Ajuste el valor sigma en la variable sigma para ajustar la suavidad de la máscara de segmentación. El valor predeterminado es 2.0. Ahora establezca la estimación de la variable en false para almacenar el umbral estimado directamente a partir de los datos ISO, o true para suavizarlo a través de fotogramas vecinos mediante la regresión polinómica local.
Ajuste la variable n_points para ajustar la función con el valor predeterminado 40. Para trazar la línea media a lo largo de la extensión de celda, ejecute el bloque de código de seguimiento de la línea media de la celda haciendo clic en el botón de reproducción para esqueletizar la celda mediante el método de Lee y extender la punta del último esqueleto a través de la extrapolación lineal. A continuación, seleccione la opción de trazado para la línea media ajustando el argumento complete_skeletonization para trazar en el último fotograma o una vez por fotograma.

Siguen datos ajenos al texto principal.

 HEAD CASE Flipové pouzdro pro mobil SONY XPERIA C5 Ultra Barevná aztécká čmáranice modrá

Ajuste la variable interpolation_fraction para establecer la fracción de puntos del esqueleto para la interpolación durante la extrapolación. El valor predeterminado aquí es 0,25. A continuación, modifique la variable extrapolation_length para determinar la longitud de la extrapolación de la línea media.
El valor predeterminado es menos uno, que extiende el esqueleto hasta el borde más cercano. Ahora ejecute el primer bloque de código de visualización de datos haciendo clic en el botón de reproducción para generar automáticamente kymographs para ambos canales. Elija el tamaño del kernel gaussiano para suavizar ajustando la variable kymograph_kernel.

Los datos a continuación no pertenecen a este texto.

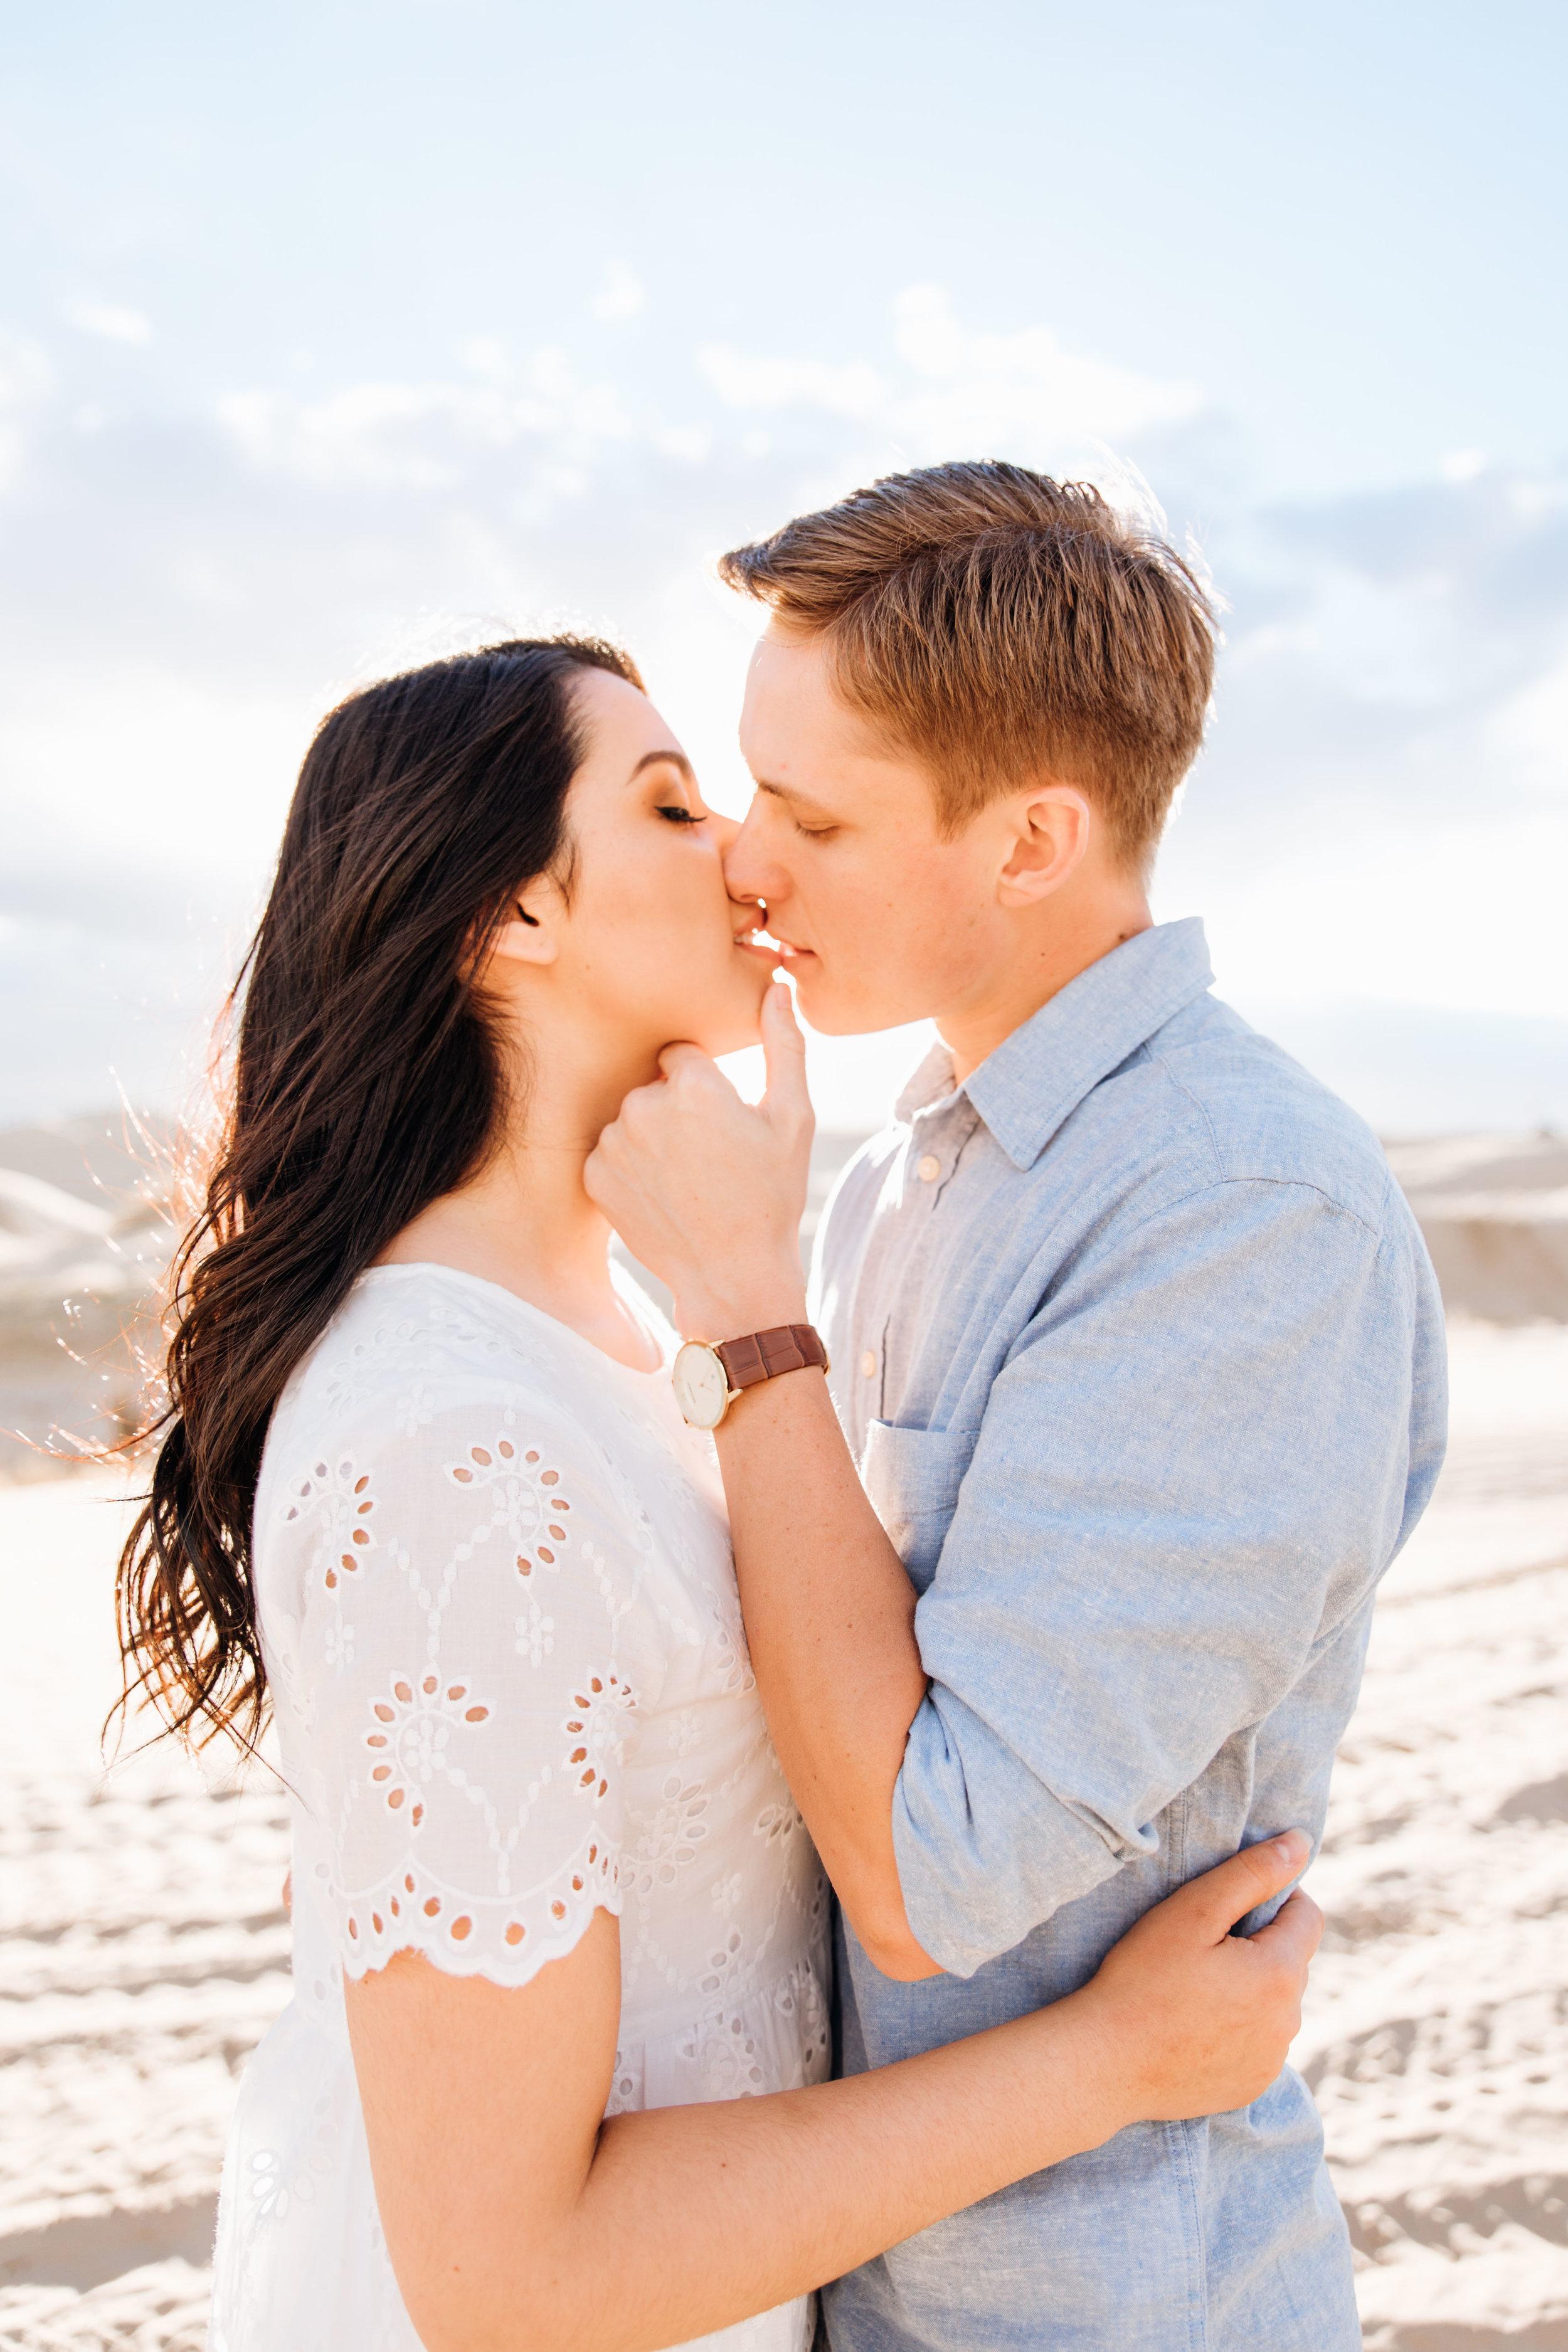 little-sahara-recreation-area-elopement-engagement-wedding-photography-michael-cozzens-52.jpg

Para mostrar correctamente las intensidades de los esqueletos no extendidos, se necesita un mapa de color personalizado para sus quimógrafos tapados. Ajuste la variable shift_fraction para elegir el porcentaje de fracción de intensidades que se designará como color de fondo, negro. A continuación, ejecute el segundo bloque de código de visualización de datos haciendo clic en el botón de reproducción para generar automáticamente un quimógrafo métrico de proporción y un time-lapse.
Ajuste la variable switch_ratio para cambiar el orden de los canales utilizados como numerador y denominador durante los cálculos de proporción, siendo el valor predeterminado false. Compruebe si el lapso de tiempo de relación requiere un suavizado adicional con una pasada de filtro mediana ajustando la variable smooth_ratio. De forma predeterminada, se establece en false.
A continuación, elija eliminar o mantener los valores atípicos resultantes de una señal baja en el canal del denominador ajustando la variable reject_outliers. Los valores atípicos se marcan como valores 1,5 veces el rango intercuartílico por encima del tercer cuartil. Por último, elija si es necesario exportar el fondo y la salida de la métrica de proporción ajustando la variable background_ratio.
El valor predeterminado es false para reemplazar el fondo con ceros. AMEBaS probado en conjuntos de datos como tubos polínicos que expresan el cameleón reportero de calcio, tubos polínicos que expresan el indicador de pH florina, pelos radiculares que expresan el indicador de calcio NESYC 3.6 funcionó con éxito a pesar de las diferencias en la dirección de crecimiento, las técnicas de imagen, los reporteros fluorescentes y los tipos de células. Recuerde ejecutar el conjunto de bloques para que pueda instalar los paquetes necesarios.
Además, es crucial ajustar los valores sigma específicamente para sus imágenes para que pueda obtener resultados más precisos. Los quimógrafos resultantes se pueden utilizar para analizar la dinámica espacio-temporal del interés de resolución. Además, puedes calcularlo encontrando método, crecimiento y series temporales para analizar la solución adecuada.